%%

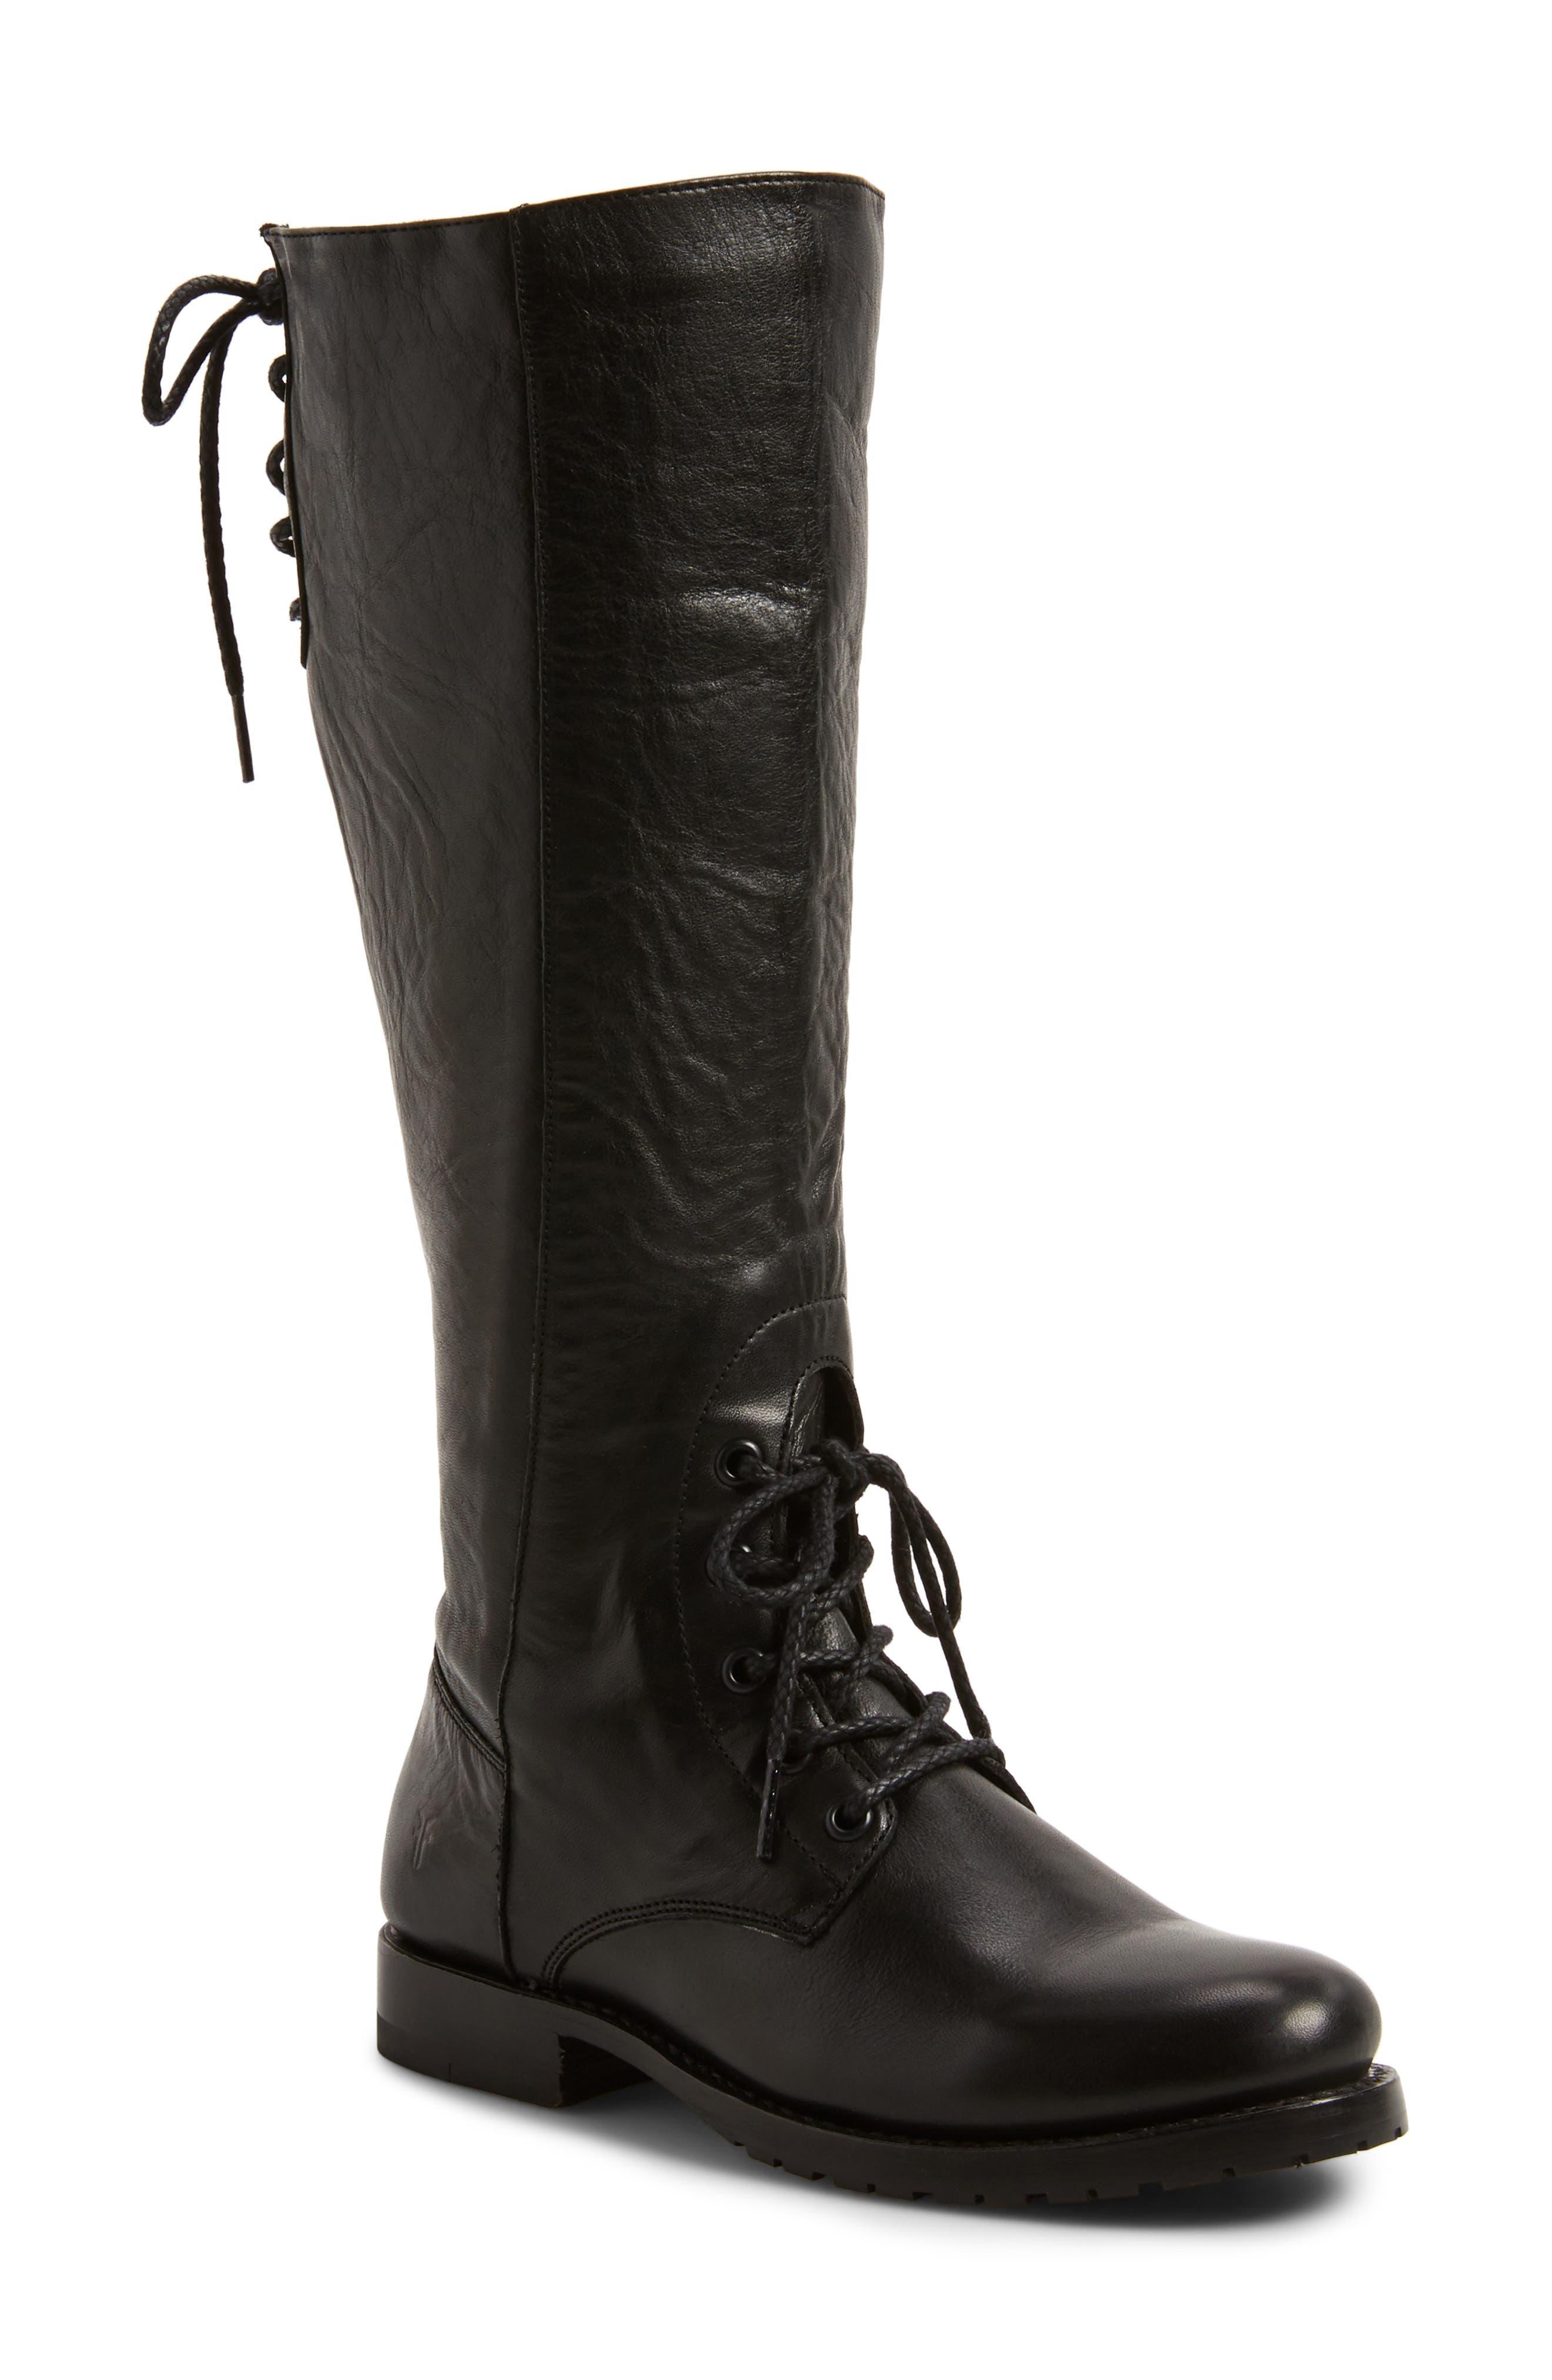 Alternate Image 1 Selected - Frye Natalie Knee High Combat Boot (Women)
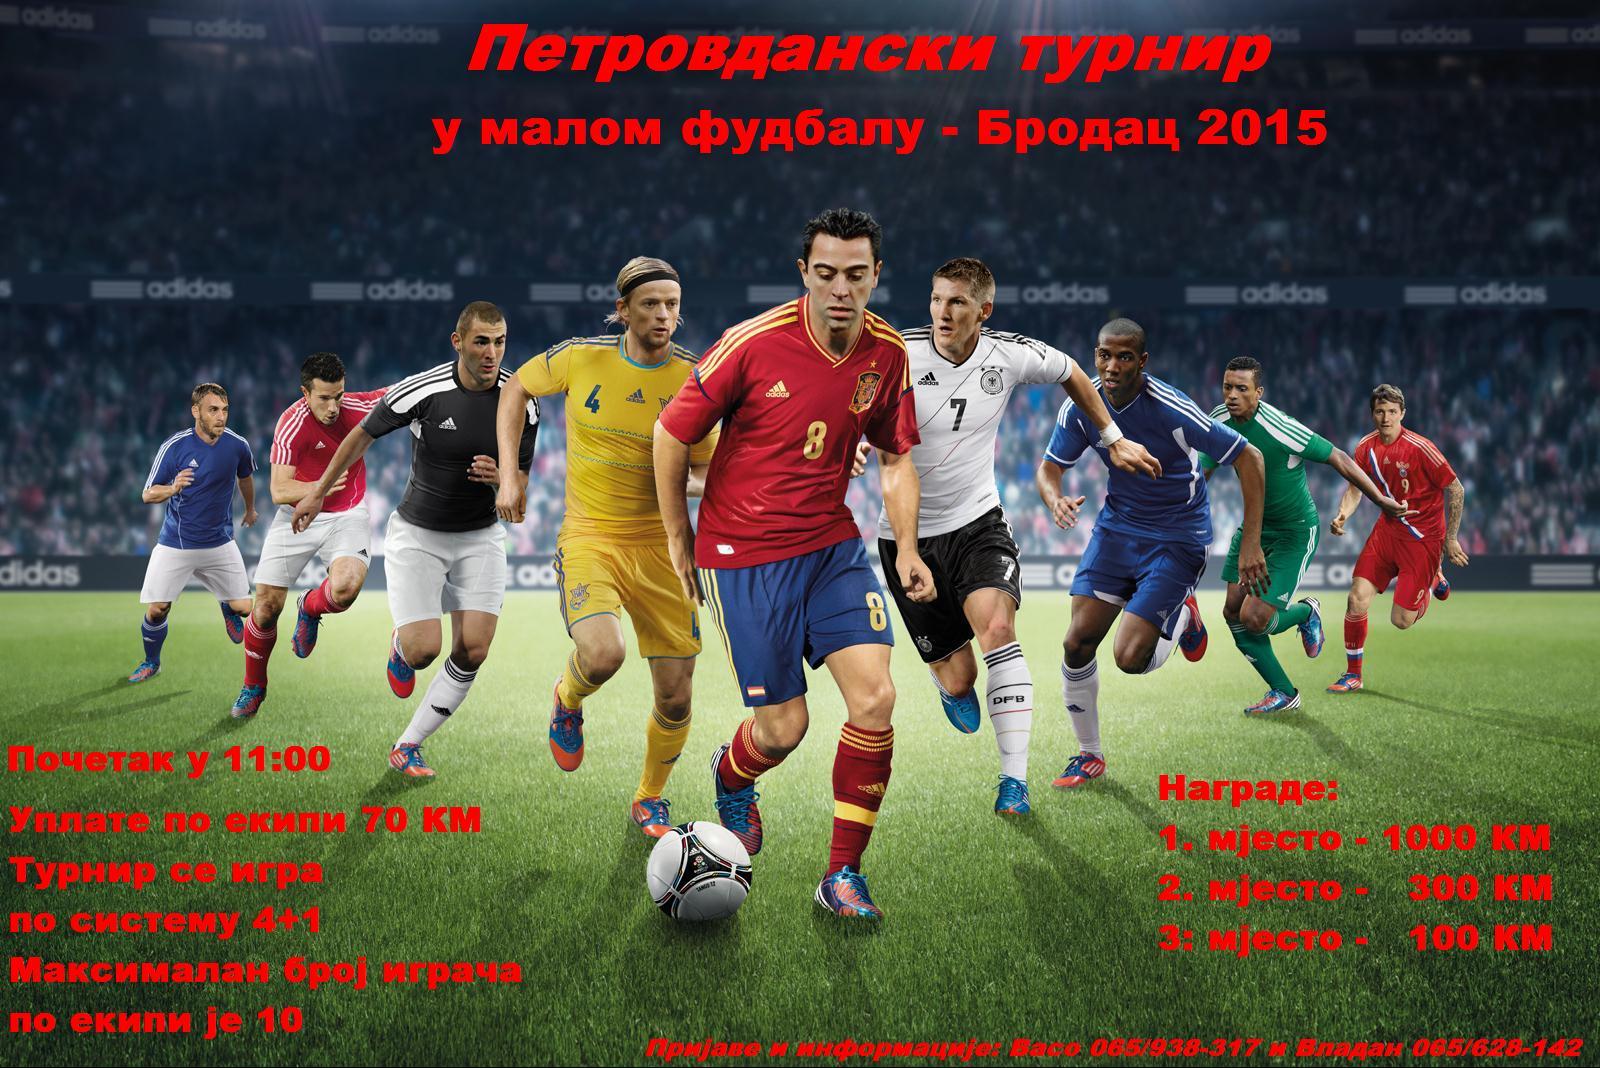 petrovdanski-turnir-u-malom-fudbalu
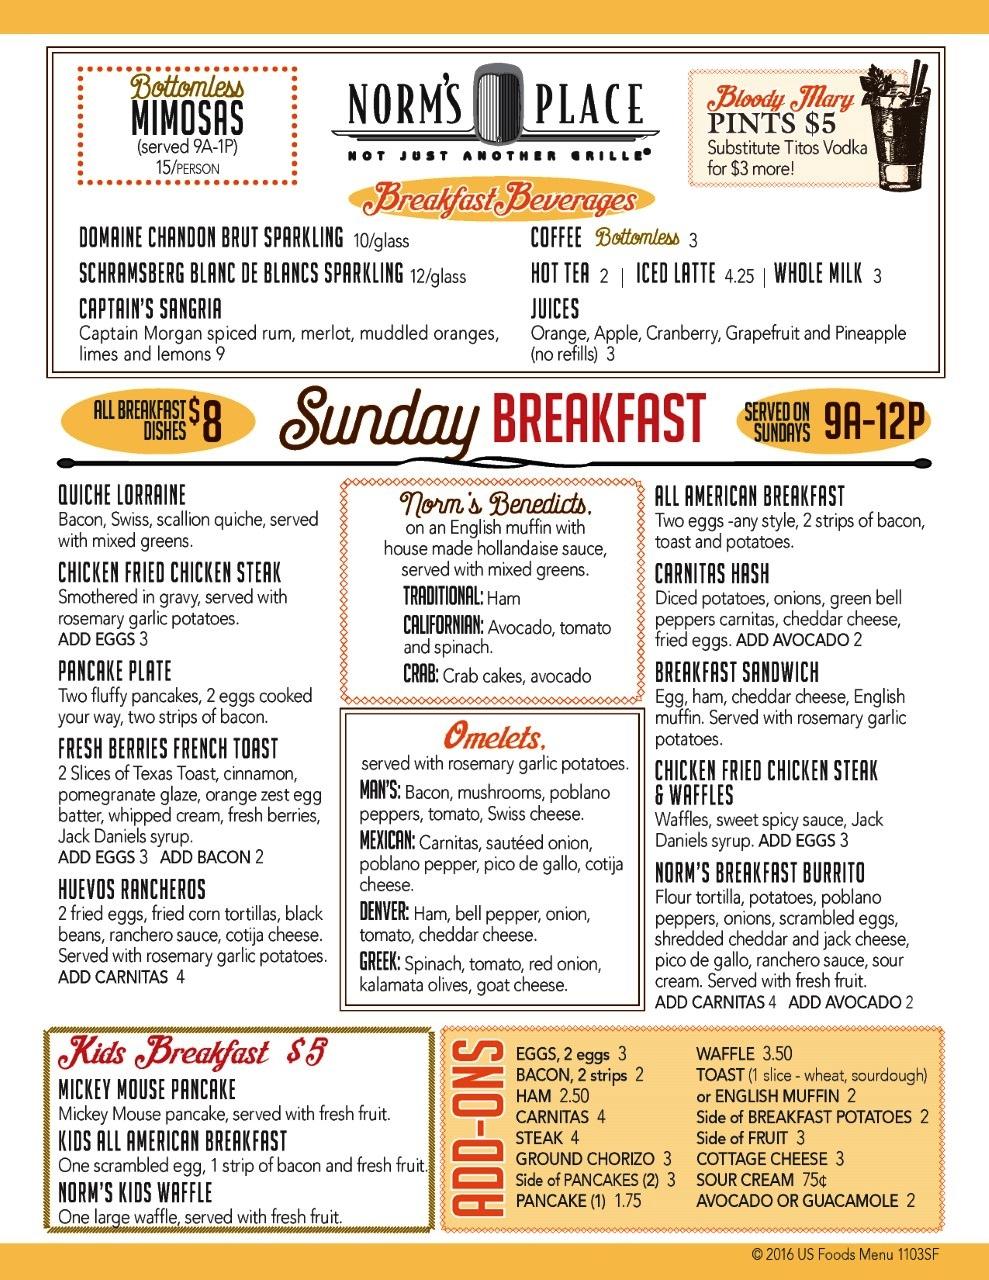 Norm's Place Danville Breakfast
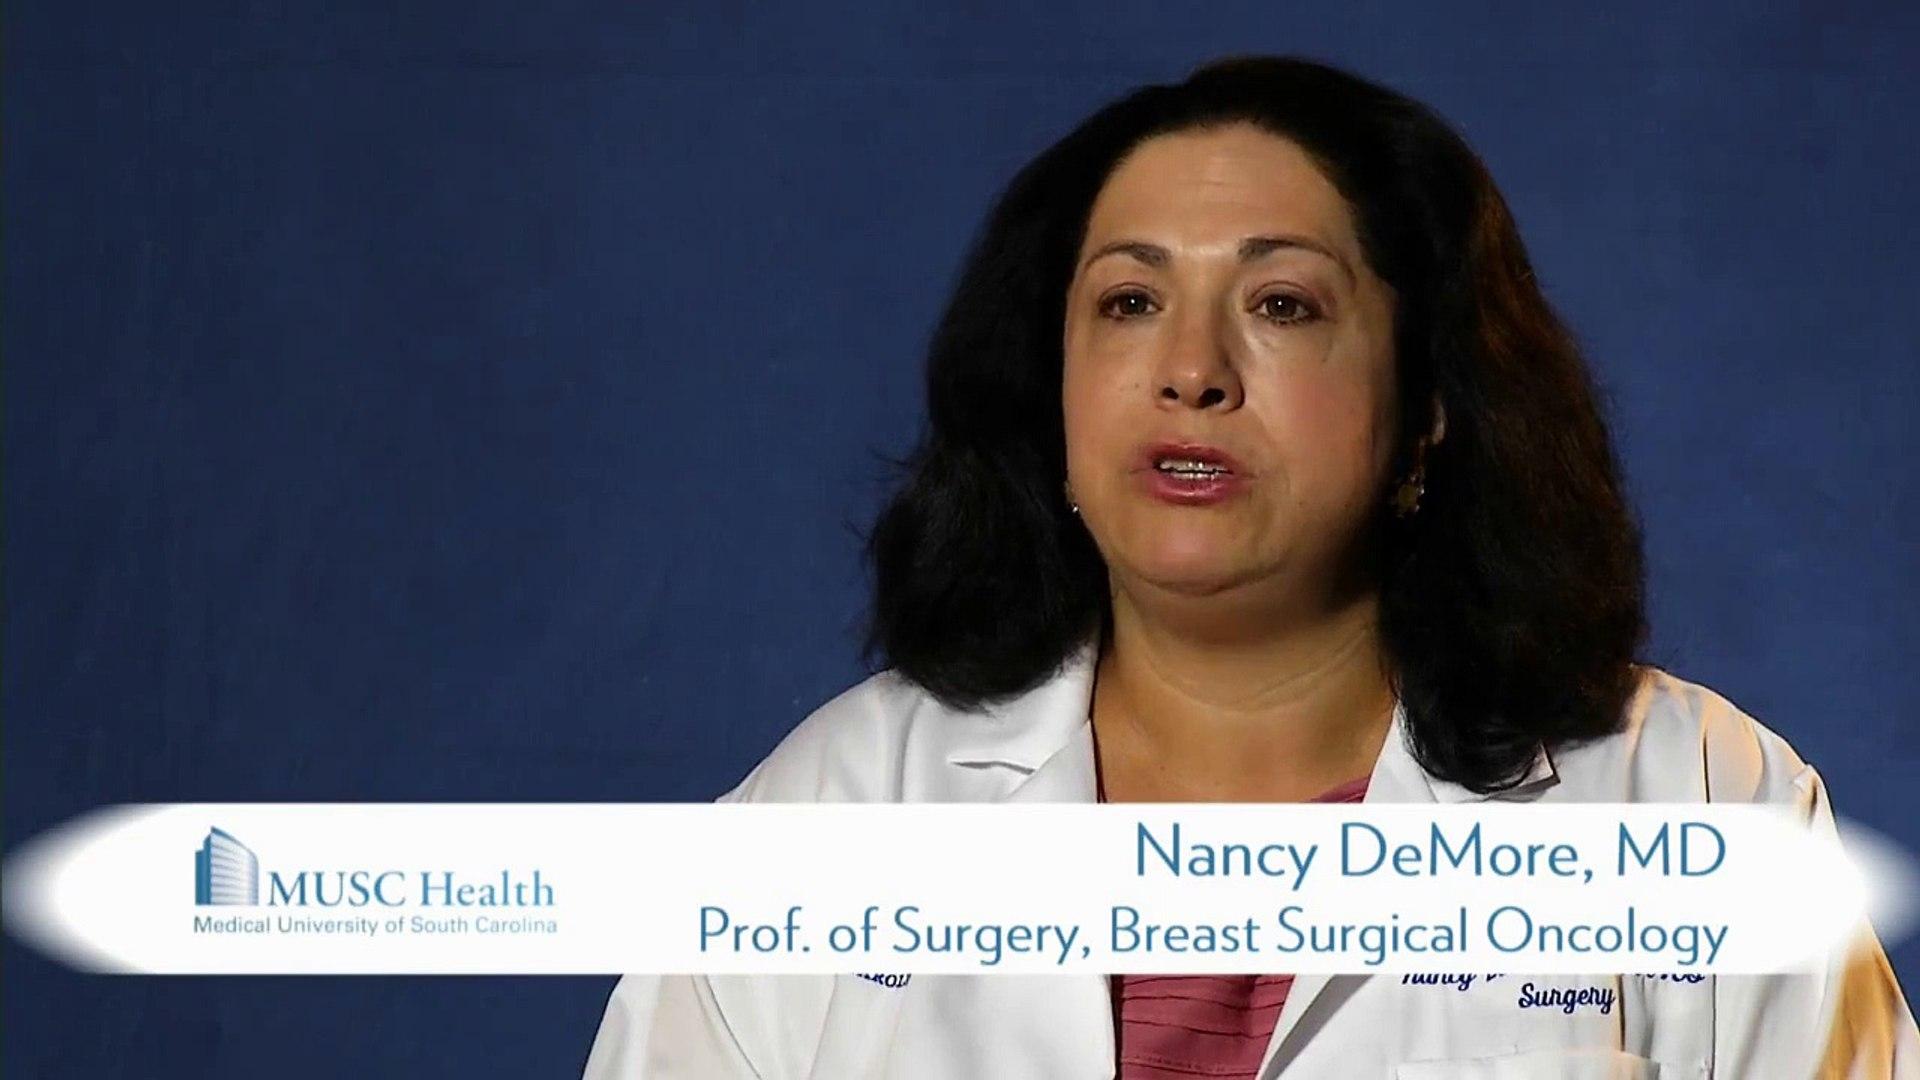 Meet Nancy DeMore, M D  a Breast Cancer Surgeon at MUSC Health

%%

» **Work required**: Going from the line that holds "petrovdanski-turnir-u-malom-fudbalu" to the end of the listing above, copy each line exactly and nothing more, leaving pictures aside.

» **Solution to the problem**:
 petrovdanski-turnir-u-malom-fudbalu
 Norm's Place Danville Breakfast
 Meet Nancy DeMore, M D  a Breast Cancer Surgeon at MUSC Health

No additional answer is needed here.